I also heard when I started that the Baby Boomers weren't saving enough, so there'd be a huge retirement crisis looming. And yet I also read the next 30-40 years will be the greatest transfer of wealth the world has ever seen, from those same Boomers. The truth lies somewhere in between. And my 15 years of working with peoples' estates shows me that there are savers and spenders in each generation, and that each generation worries about the irresponsibility of the younger ones.
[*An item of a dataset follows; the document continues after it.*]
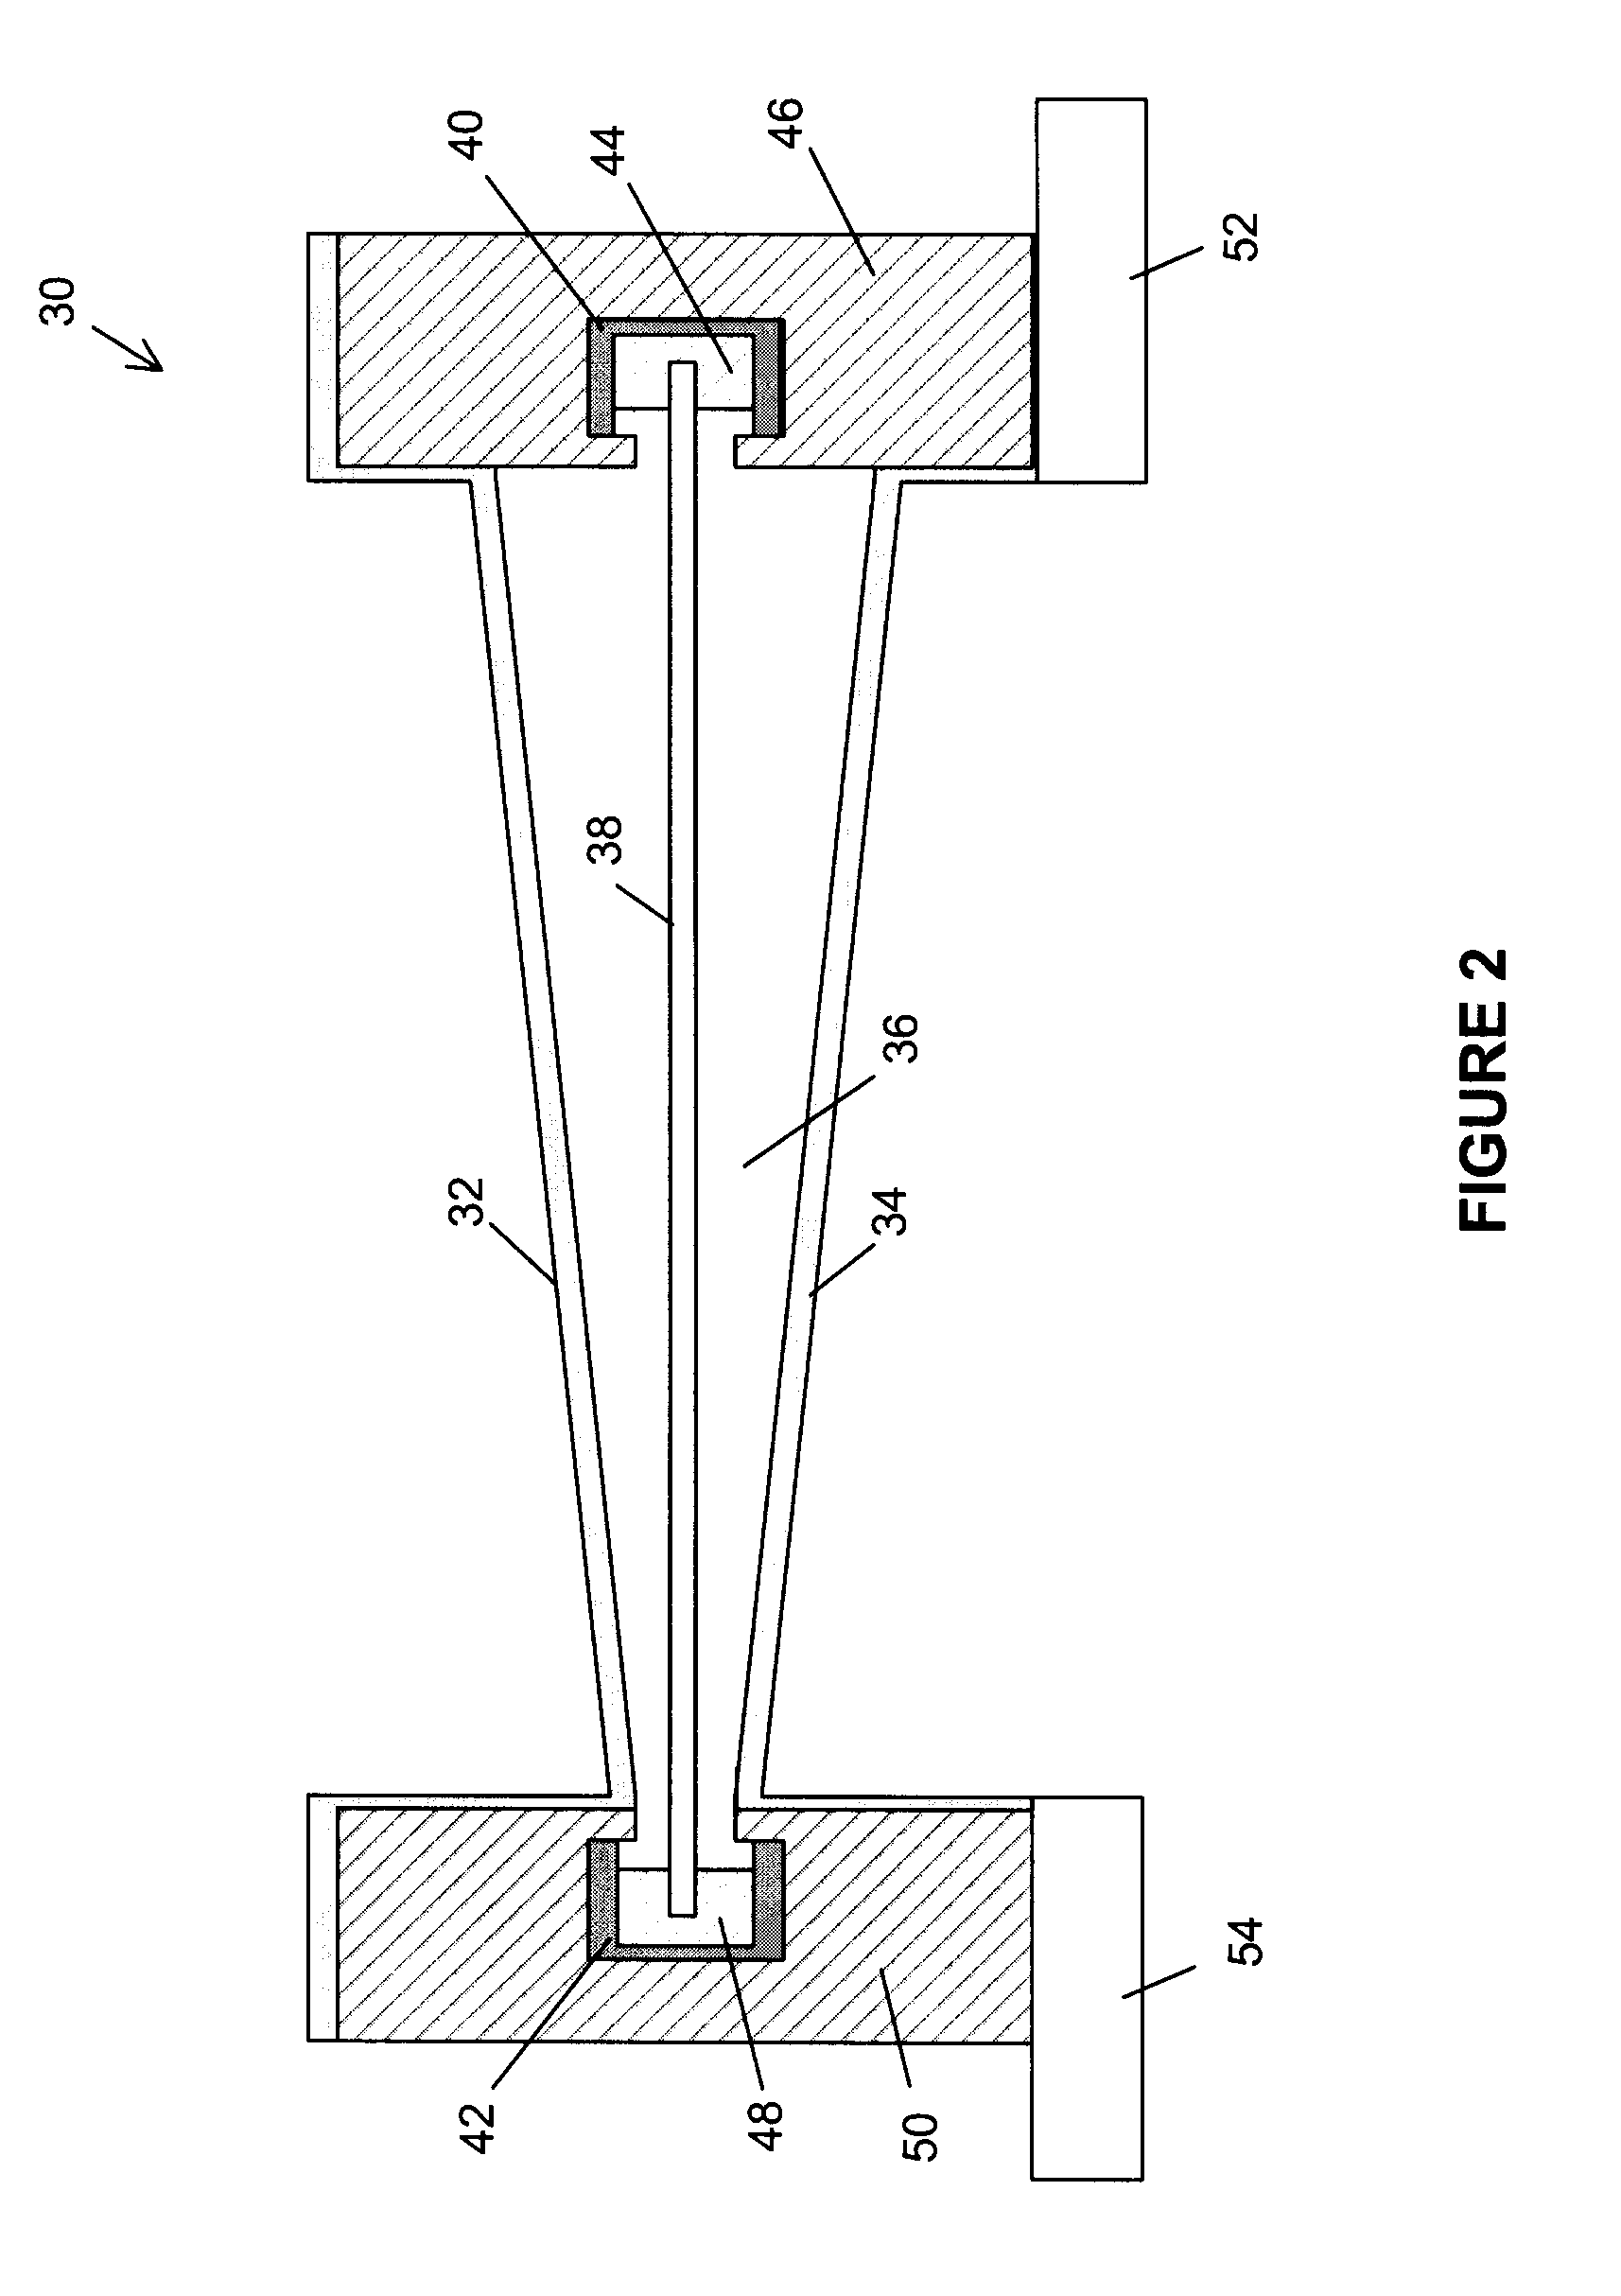 Apparatus and methods for real-time verification of radiation therapy

In our estate planning, it's difficult to know best how to pass down the parents' values to their children, especially with a wealth-transfer plan. The easier answer is that if the values haven't been passed down by the time of the parents' deaths, it's probably too late. We can help in crafting a plan that will help achieve objectives, like funds for education of the family, encouraging certain prudent investment strategies, preserving the wealth for children while allowing them freedom to start a business or freedom from large house payments, and guarding the wealth during substance abuse problems and other crippling addictions while allowing it to be used for treatment. We can also plan to avoid the wealth, if it's large enough, to help enhance beneficiaries' lives without demotivating them from working and the loss of self that comes from that demotivation.

I may still tell my children they don't know how good they have it, but I also know they probably won't realize it until they're much, much older, and I can forgive them for that--I didn't realize it myself until I was a father. I'll remind them of this when they're subjected to whatever the "slacker" term is for the class of 2016.